Seamounts
Introduction
The landscapes found deep beneath the ocean are as dramatic as any found onshore. Jagged peaks loom high above the seabed, and rolling volcanic highlands give way to the muddy plains of the abyss. Among the most imposing seafloor features are ancient, mostly extinguished, volcanoes. Some are jagged or flat-topped cones, while others rise in a series of long, serrated ridges. Many stand alone, but most are gathered in long meandering chains.
Undersea volcanoes are classified by their height. Those that are large enough to break the sea surface are known as volcanic islands. Smaller forms that hug the seabed are called hills and knolls. Volcanoes that are taller than 1,000 meters, but still hidden beneath the waves, are called seamounts.
Tens of thousands of seamounts are scattered throughout the deep-sea, in every ocean on Earth. The patterns and placement of seamounts help illuminate the geologic forces at work beneath the sea. Many seamounts mark the location of hot spots – narrow, persistent plumes of magma that rise from the earth’s interior and burn through the plates above. Others grow near the edges of the planet’s tectonic plates, where slabs of the crust slam together or tear apart.
The origin of some seamounts is enigmatic. Perhaps forming when the interior of a plate gives way under geologic stresses, these peaks may one day provide new insights into tectonic behavior. Regardless of size, shape, and origin, all seamounts share the ability to profoundly influence the environment around them. They are biologic storehouses, home to diverse and abundant animal communities. Life flocks to seamounts because they provide a bonanza of food and shelter unmatched elsewhere in the open seas.
The source of this bounty lies in currents. The complex topography of seamounts deflects deep-sea circulation. Water flows turn and accelerate as they pass over and around these mountains. This has two important results. First, large areas on the flanks and tops of the seamounts are swept clear of the muck and the mud that cover the rest of the deep sea floor. The bare rock exposed by currents is a rare and valuable habitat for cementing and encrusting organisms. Second, the swirling currents carry with them bits of organic debris and small floating animals. Eddies that curl around the ridges and rocks concentrate nutrients and allow life to flourish.

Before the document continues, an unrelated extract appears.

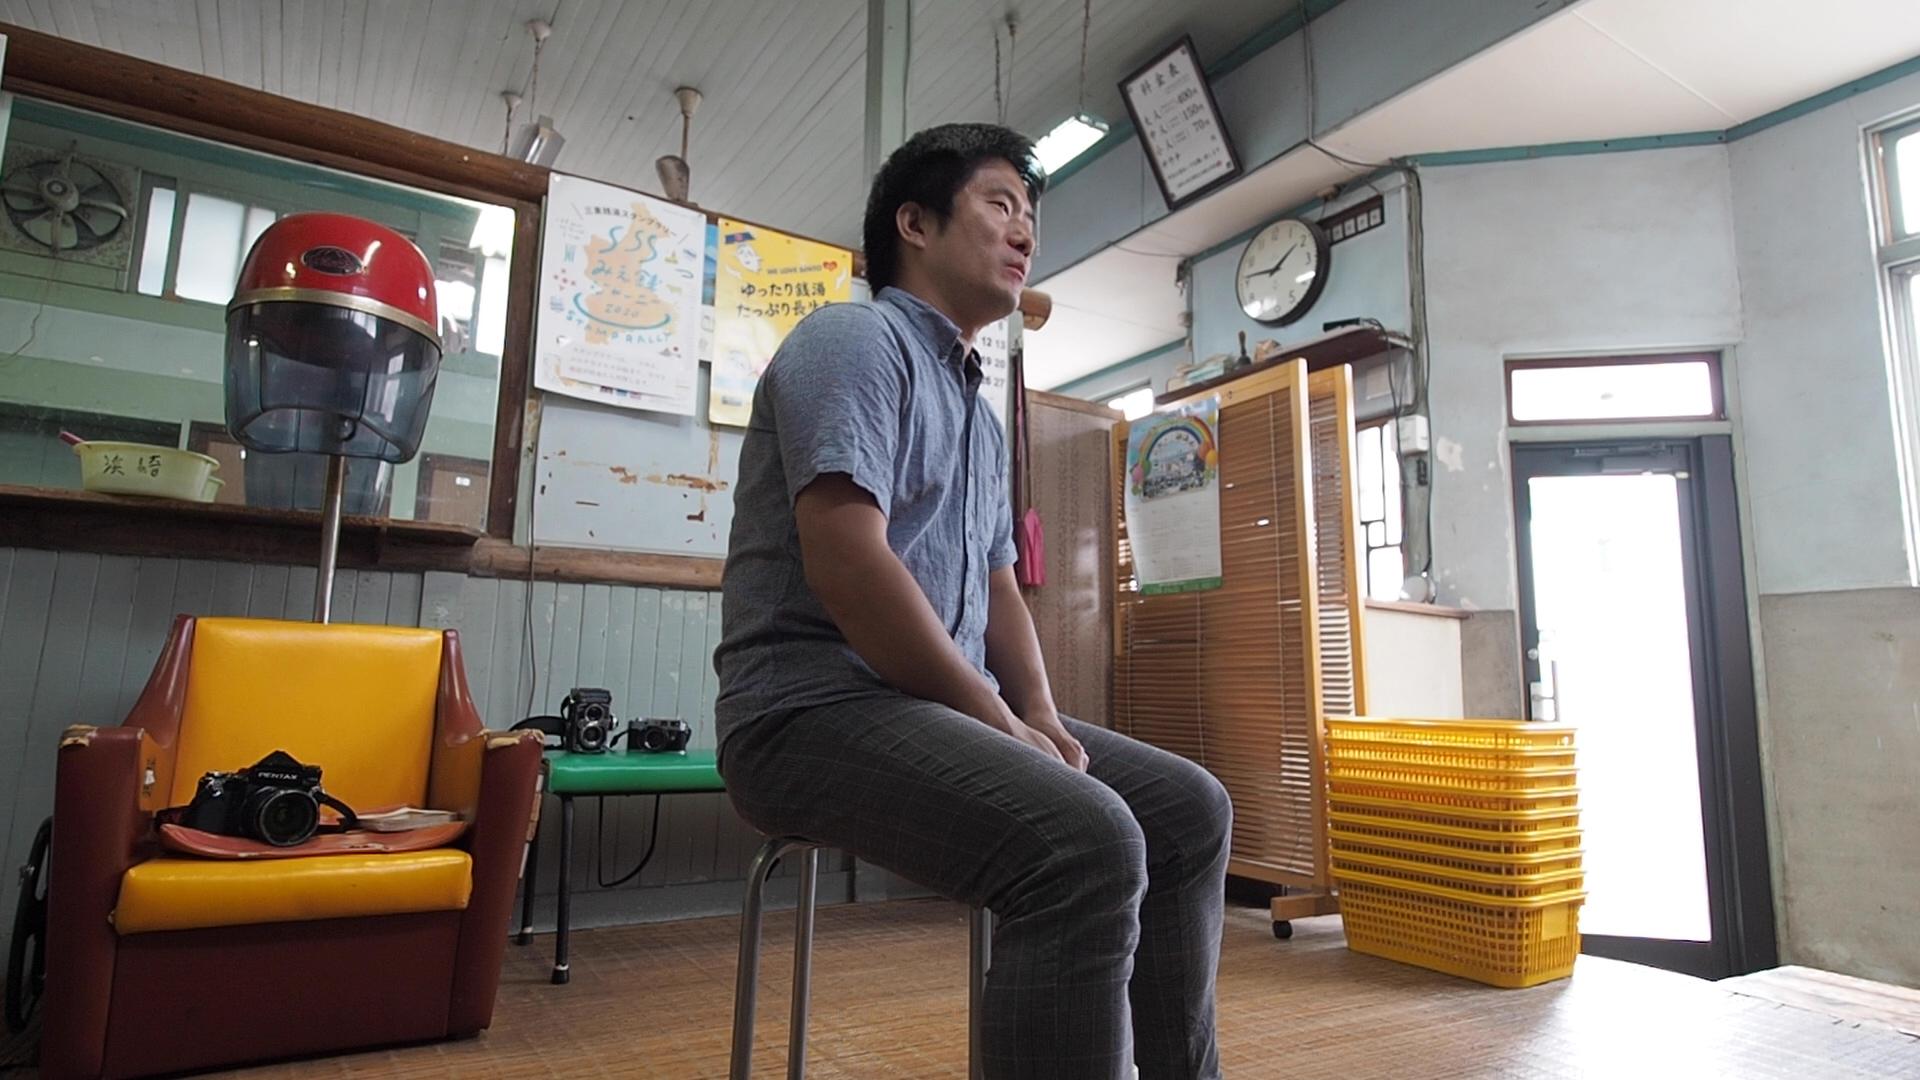 200905NAGI82号Monochrome澤田勝行取材風景

In consequence, many seamounts are zones of unusually high productivity, and extremely diverse and intricate communities. On the seamount itself, clusters of corals, sponges, crinoids, and anemones dot the ground. Crabs and snails and other invertebrates scurry about, finding food and shelter within these deep-sea gardens. In turn, larger animals – fish, sharks, jellies, and octopi – forage the waters just above, and use the complex topography as a place to lay eggs and nourish their young. Even the leviathans of the deep – the great whales – may be lured by the teeming life around seamounts. Scientists believe that sperm whales congregate around some seamounts to hunt giant squid.
The influence of seamounts can extend far above their summits. The currents that are deflected off the deep seafloor by these mountains inject cool, nutrient-rich water into the upper ocean. This stimulates the growth of plankton, which attracts many species of open-ocean fish. These schools draw in flocks of sea birds, dolphins, turtles, and other predators.
Seamounts are cloaked by depth and darkness, and the study of their biology is still in its infancy. However, it appears that seamount communities harbor a mix of endemic and cosmopolitan species, and that they play important roles in the evolution and distribution of marine organisms. Endemic species – those found nowhere else on earth – make up a large proportion of seamount faunas. For less mobile organisms, seamounts may act as incubators for evolution, allowing new species to develop atop their splendid isolation.
For species that reproduce with floating larvae, the powerful currents that sweep across seamounts provide a free ride to the next volcanic outcrop. Over time, species may use seamounts like stepping stones to cross from one side of an ocean to the other.
Global Impact
There may be 100,000 or more seamounts scattered throughout the world’s oceans. Only a few hundred have even begun to be explored. These mysterious, little known peaks stand as both a challenge and an opportunity to scientists. For geologists, questions about their formation are a reminder that there is still much to learn about the complex workings of plate tectonics. For biologists, their rich and unique faunas offer hope of fresh insights into evolutionary patterns. For medical researchers, seamount life holds out the promise of new drugs and therapies.
Unfortunately, the vibrant communities that have thrived for eons on these watery slopes are under siege at the same time they are under study. The fish that gather around seamounts to spawn and to feed include many commercially harvested species. As traditional fisheries fail, seamount stocks are being targeted. But many of them are slow to grow and late to mature, and once over fished, their populations need years to recover. Several seamount fisheries have already been depleted, and others are in danger.
Fishing can also disrupt the bottom-living communities on seamounts. When trawlers drag their nets across the mountainsides, corals and sponges are uprooted and destroyed. These creatures, which grow slowly over decades and even hundreds of years, are the backbone of bottom faunas. Their destruction means the death of the entire community.
Such threats have given scientific studies of seamount habitats an added sense of urgency. Research institutions from around the globe are currently working together to devise strategies to preserve and protect these fragile ecosystems and their inhabitants.